Pennylane a ouvert son propre serveur MCP.

Dit comme ça, le sujet peut sembler très technique. En réalité, l’impact potentiel est simple à comprendre : un assistant IA compatible peut désormais aller chercher directement des données comptables et financières dans Pennylane, sans passer par un export Excel, un copier-coller ou un téléchargement manuel.

Pour une direction financière ou un cabinet comptable, c’est une évolution importante.

Jusqu’ici, l’IA savait très bien analyser des données financières — à condition qu’on lui fournisse les données. Le MCP réduit justement cette friction.

Le MCP Pennylane, c’est quoi ?

MCP signifie Model Context Protocol.

C’est un standard ouvert qui permet à un assistant IA de se connecter à des outils externes et d’utiliser les données ou fonctions qu’ils exposent.

Dans le cas de Pennylane, le principe est le suivant :

1. l’utilisateur connecte son assistant IA à Pennylane ; 2. il autorise certains accès ; 3. l’assistant peut interroger les données auxquelles cet utilisateur a lui-même accès ; 4. l’utilisateur peut ensuite poser des questions en langage naturel.

La différence avec un simple chatbot est importante.

L’assistant ne travaille plus uniquement à partir de ce qu’on lui colle dans la conversation. Il peut aller chercher l’information directement dans l’outil métier.

Ce que l’agent IA peut déjà lire dans Pennylane

La version actuelle du MCP Pennylane fonctionne en lecture seule.

Cela signifie que l’assistant peut consulter et analyser les données autorisées, mais qu’il ne peut pas encore créer, modifier ou supprimer des éléments dans Pennylane via le MCP.

Parmi les données accessibles figurent notamment :

  • les clients ;
  • les factures clients ;
  • les paiements clients ;
  • les fournisseurs ;
  • les factures fournisseurs ;
  • les paiements fournisseurs ;
  • le plan comptable ;
  • les écritures comptables ;
  • les journaux ;
  • les transactions bancaires ;
  • la balance générale ;
  • le compte de résultat ;
  • le bilan ;
  • certaines déclarations de TVA et fiscales ;
  • l’historique récent de certaines modifications.

C’est déjà beaucoup.

Le point important n’est pas simplement que l’IA puisse « voir Pennylane ». C’est qu’elle puisse croiser plusieurs données et raisonner dessus.

Exemple 1 : comprendre sa trésorerie sans reconstruire un fichier

Prenons un dirigeant qui se pose une question très simple :

Combien de temps puis-je tenir avec ma trésorerie actuelle ?

La réponse n’est pas toujours directement disponible dans un écran.

Il faut généralement regarder :

  • les soldes bancaires ;
  • les factures clients à encaisser ;
  • les fournisseurs à payer ;
  • les charges récurrentes ;
  • éventuellement le budget ou les prévisions.

Un agent connecté à Pennylane peut déjà récupérer une partie significative de cette information et produire une synthèse.

On peut par exemple lui demander :

  • quelles sont les factures clients encore impayées ?
  • quels fournisseurs doivent être payés prochainement ?
  • comment évoluent les dépenses sur les six derniers mois ?
  • quels clients représentent le plus de chiffre d’affaires ?
  • quelles transactions bancaires restent non rapprochées ?

Le travail du DAF ne disparaît pas.

Mais le temps passé à chercher, exporter et consolider l’information peut fortement diminuer.

Exemple 2 : préparer une clôture plus rapidement

Pour un comptable ou une équipe finance, le potentiel est également important.

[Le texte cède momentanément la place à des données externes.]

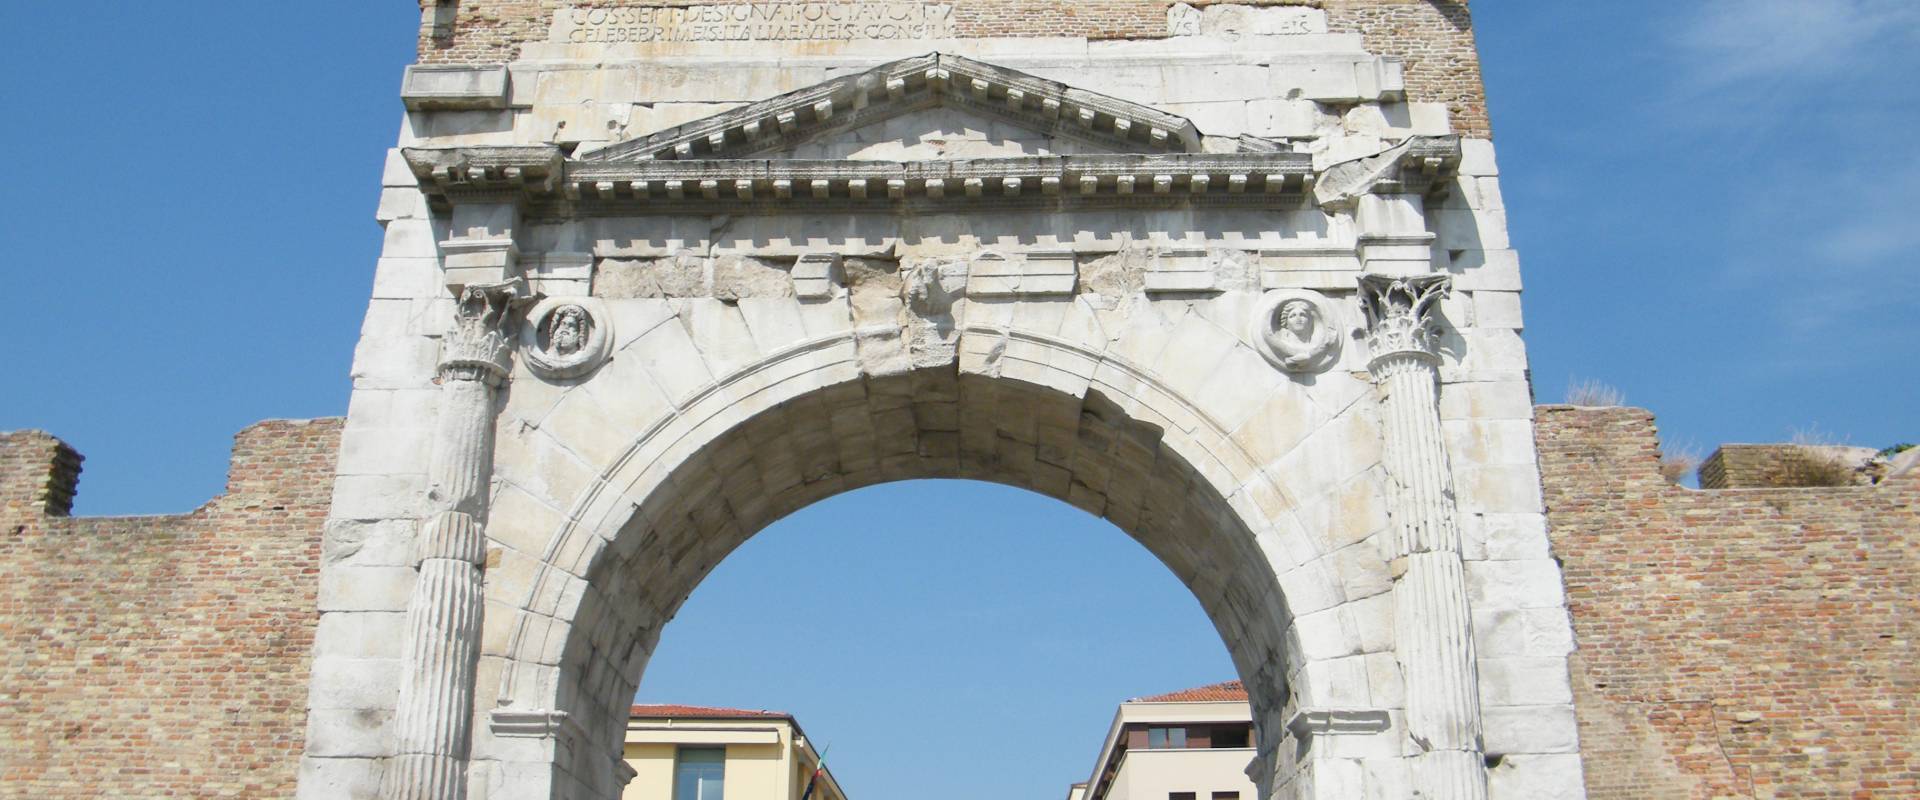 Arco di Augusto foto di Lukasz pob

On peut demander à l’assistant de :

  • ressortir les mouvements inhabituels ;
  • identifier les transactions non rapprochées ;
  • analyser certains comptes ;
  • comparer la balance avec une période précédente ;
  • rechercher des écritures supérieures à un certain montant ;
  • résumer les principaux mouvements d’un compte ;
  • identifier des variations importantes dans le P&L.

Au lieu de naviguer successivement dans plusieurs écrans, l’utilisateur commence par une question.

L’agent va ensuite chercher les informations utiles.

C’est un changement assez profond dans la manière d’interagir avec un logiciel financier.

Exemple 3 : préparer un rendez-vous bancaire ou investisseur

Autre cas très concret : préparer un rendez-vous avec une banque, un investisseur ou un comité de direction.

Avant une réunion, il faut souvent reconstruire rapidement :

  • le chiffre d’affaires ;
  • la marge ;
  • les principales charges ;
  • la position de trésorerie ;
  • les créances clients ;
  • les dettes fournisseurs ;
  • les variations par rapport à la période précédente.

Avec un assistant connecté aux données financières, on peut imaginer une demande du type :

Prépare-moi une synthèse financière de l’entreprise sur les six derniers mois. Fais ressortir le chiffre d’affaires, les principales variations de charges, la situation clients, la trésorerie et les cinq points de vigilance.

L’intérêt n’est pas de supprimer le contrôle financier.

L’intérêt est d’accélérer radicalement la préparation de l’analyse.

Ce que le MCP Pennylane ne permet pas encore

C’est un point important.

Le MCP Pennylane est aujourd’hui en lecture seule.

Il ne permet donc pas directement de :

  • créer une facture ;
  • modifier une écriture ;
  • enregistrer un paiement ;
  • effectuer un rapprochement ;
  • envoyer une déclaration ;
  • déclencher un virement ;
  • payer un fournisseur.

Autrement dit : le MCP permet aujourd’hui principalement à l’agent de lire, chercher, synthétiser et analyser.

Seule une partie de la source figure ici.